[[ SUPPLIED INFORMATION open ]]

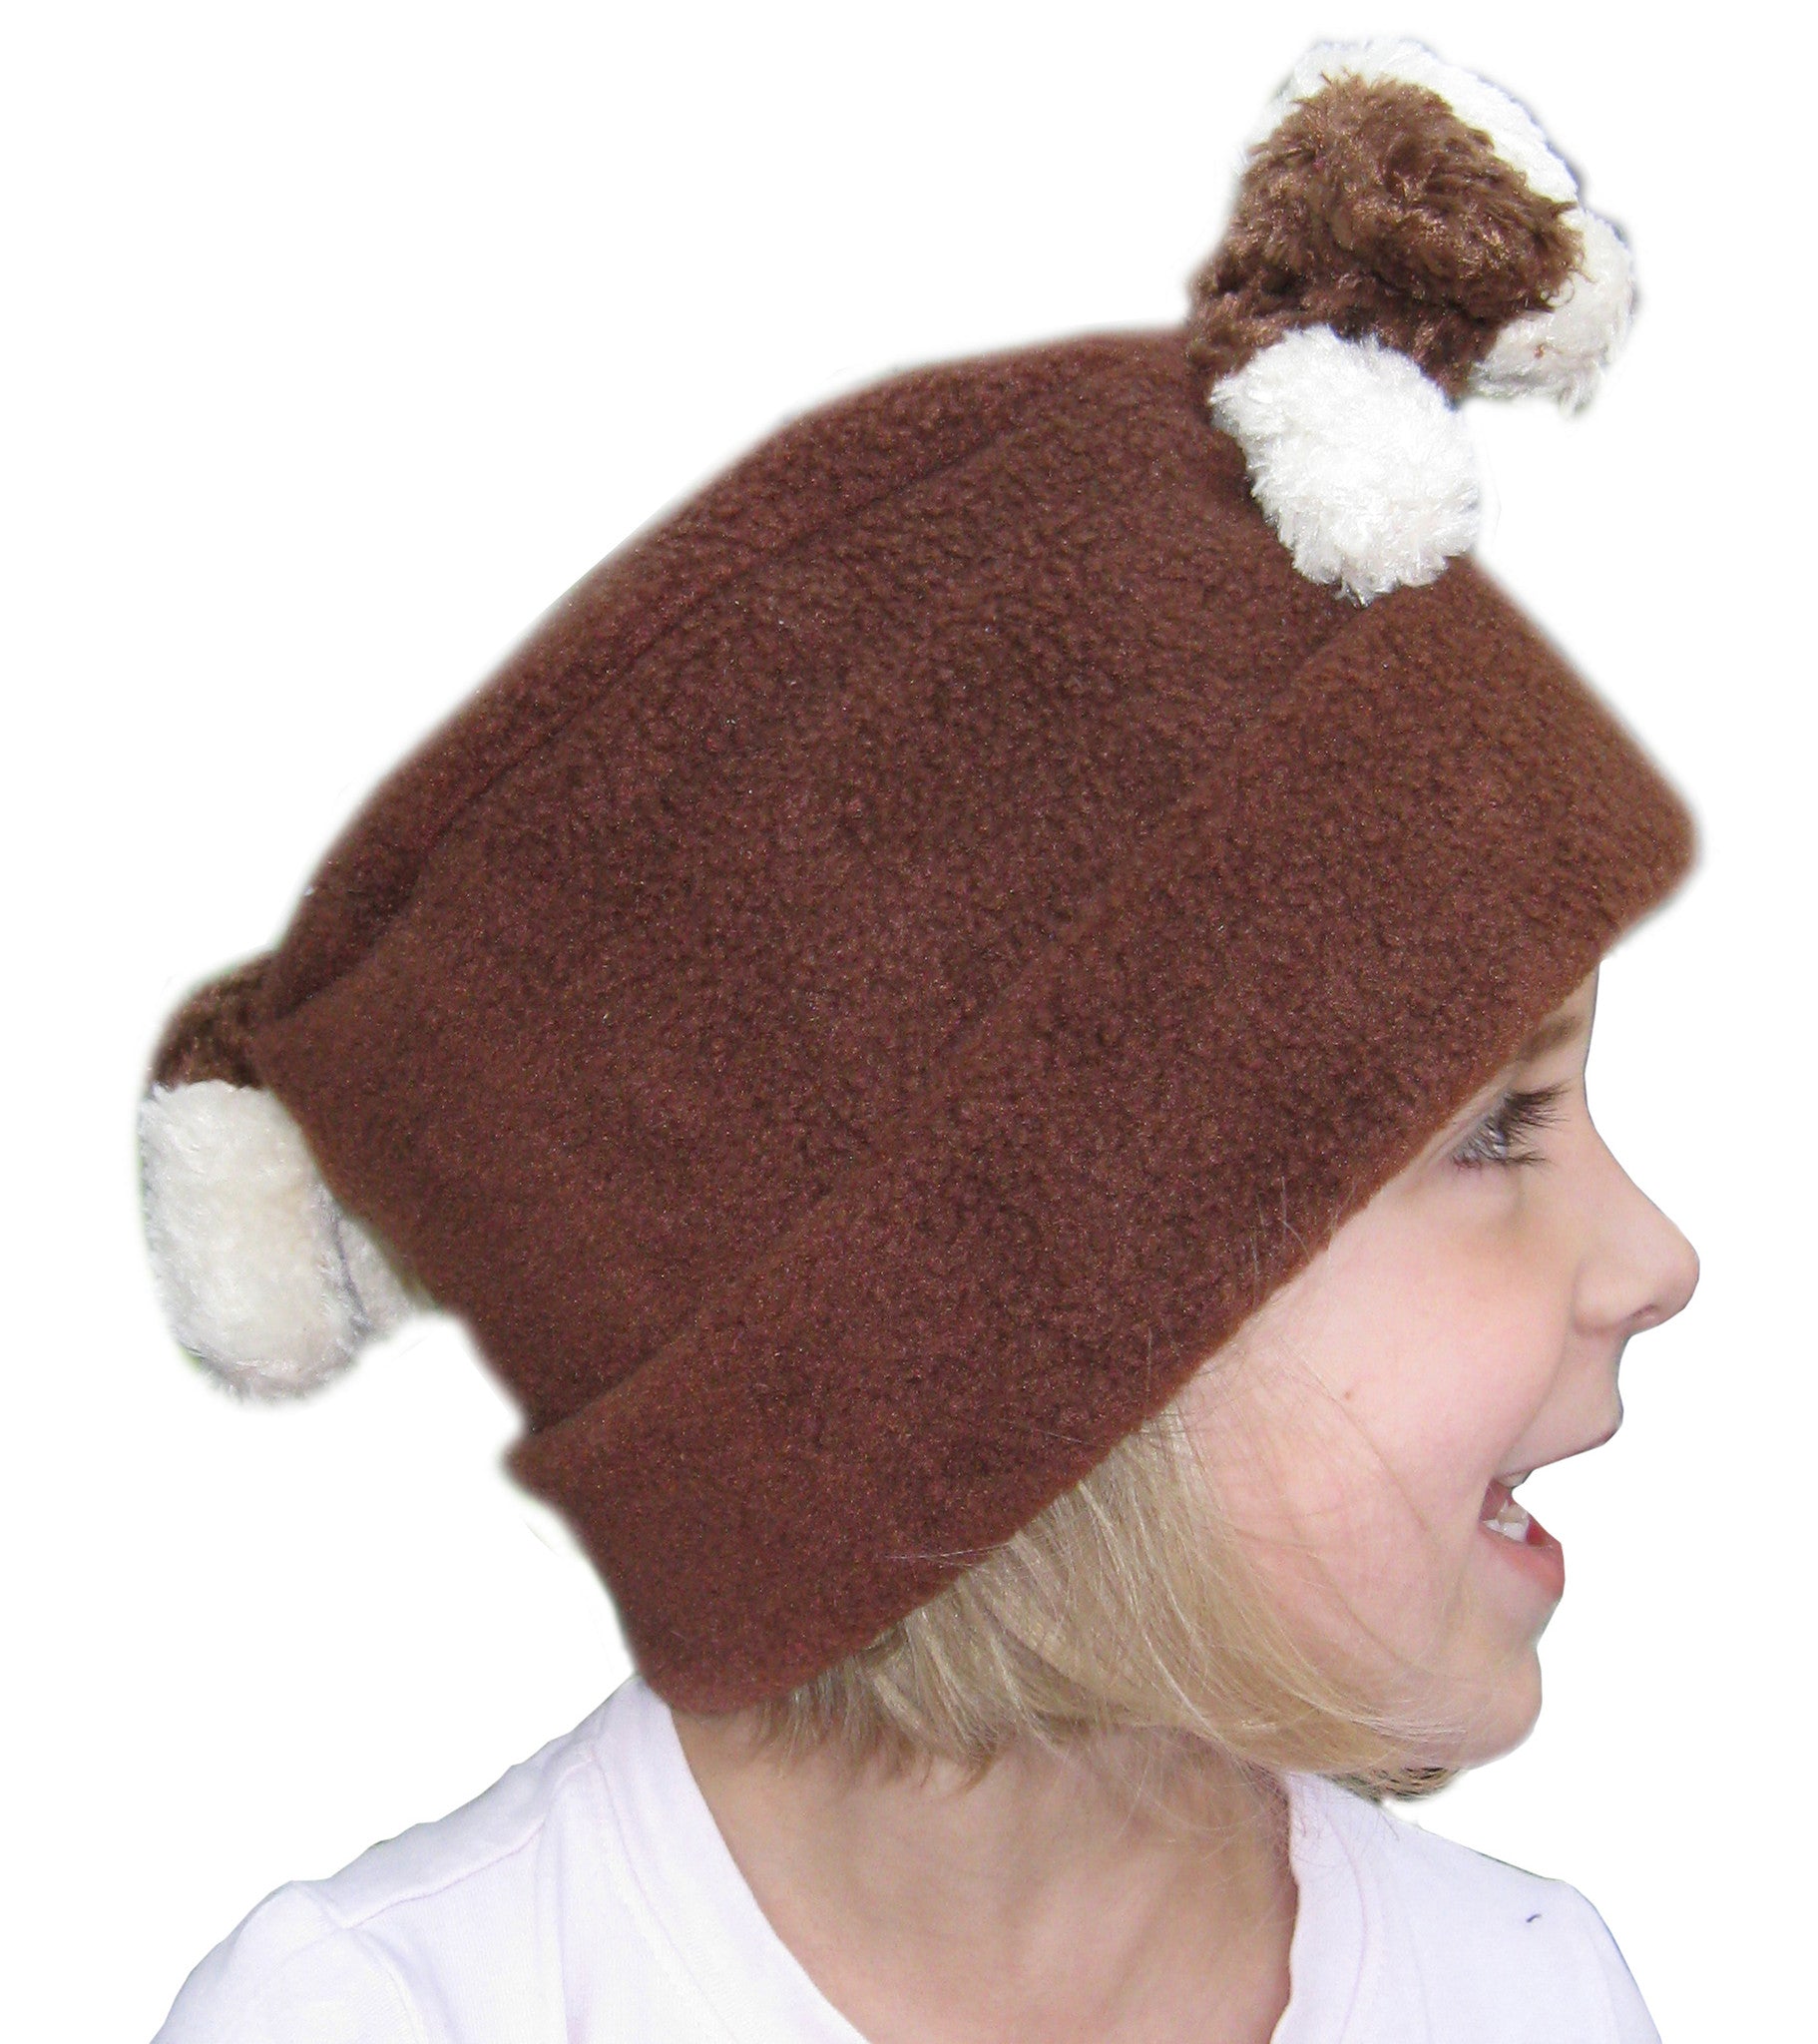 Brown & Cream Dog on Brown Fleece Buddy Hat
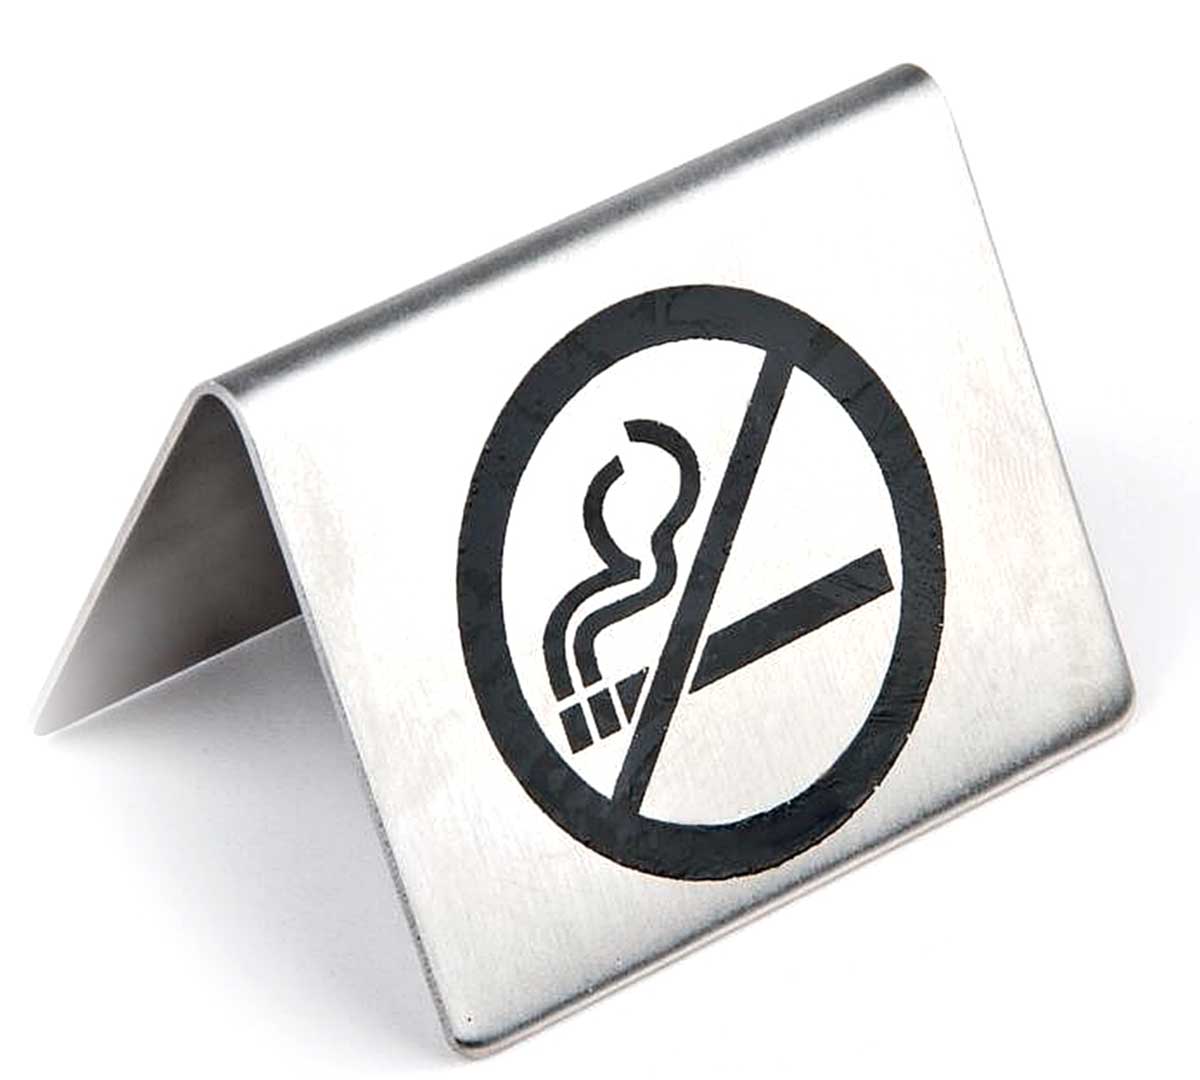 Rótulo de Prohibición - Prohibido Fumar
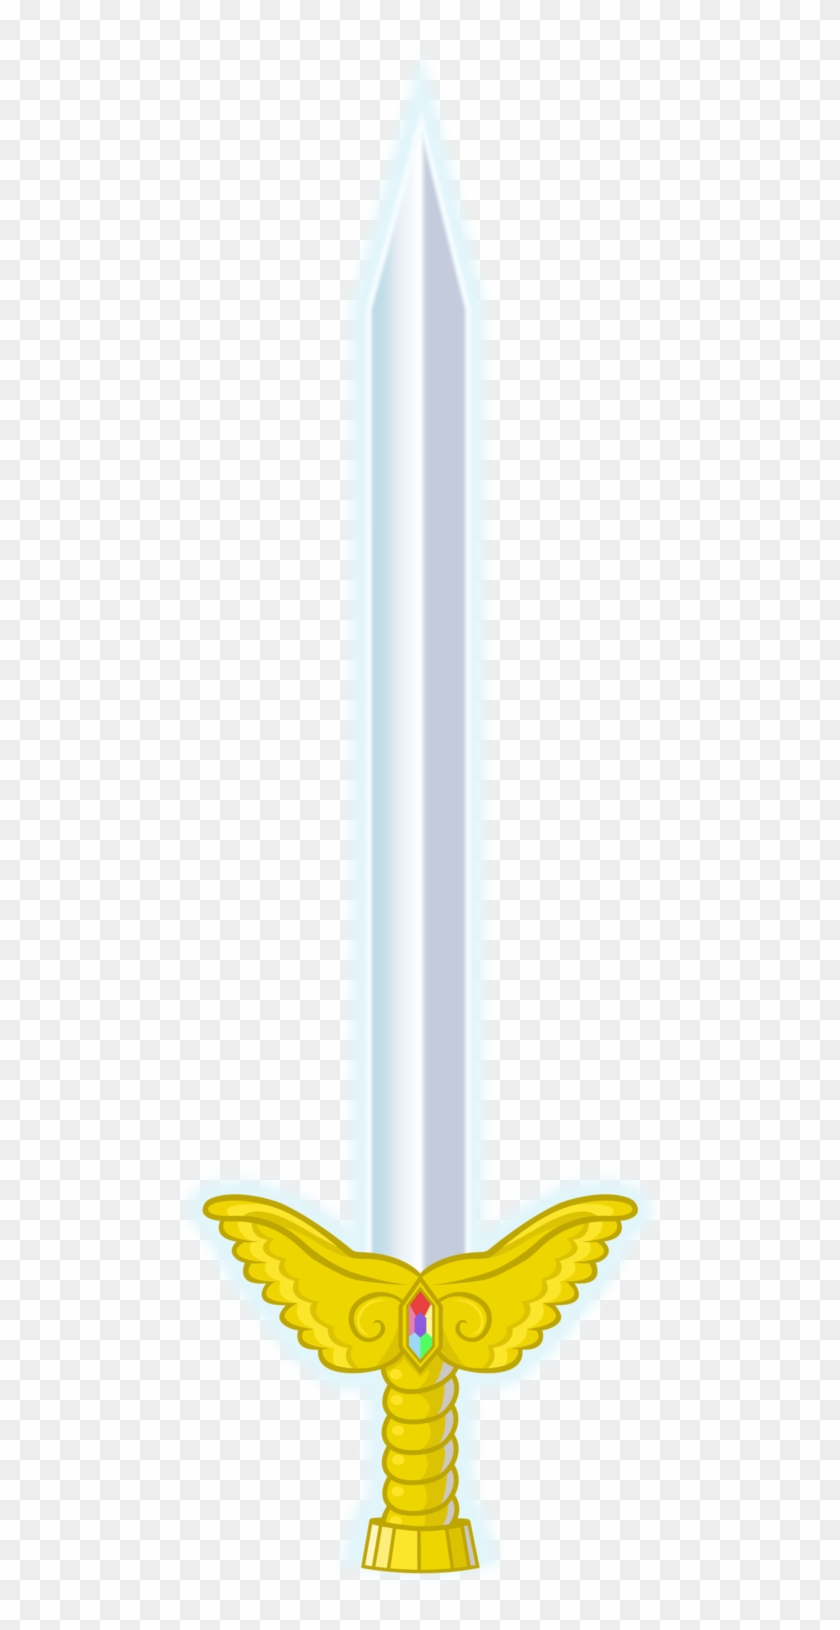 sword of the spirit clip art

[[ SUPPLIED INFORMATION closed ]]

EXERCISE DIRECTIONS -
Reproduce the whole listing above character for character; pictures do not belong in it.

REPLY -
 Brown & Cream Dog on Brown Fleece Buddy Hat
 Rótulo de Prohibición - Prohibido Fumar
 sword of the spirit clip art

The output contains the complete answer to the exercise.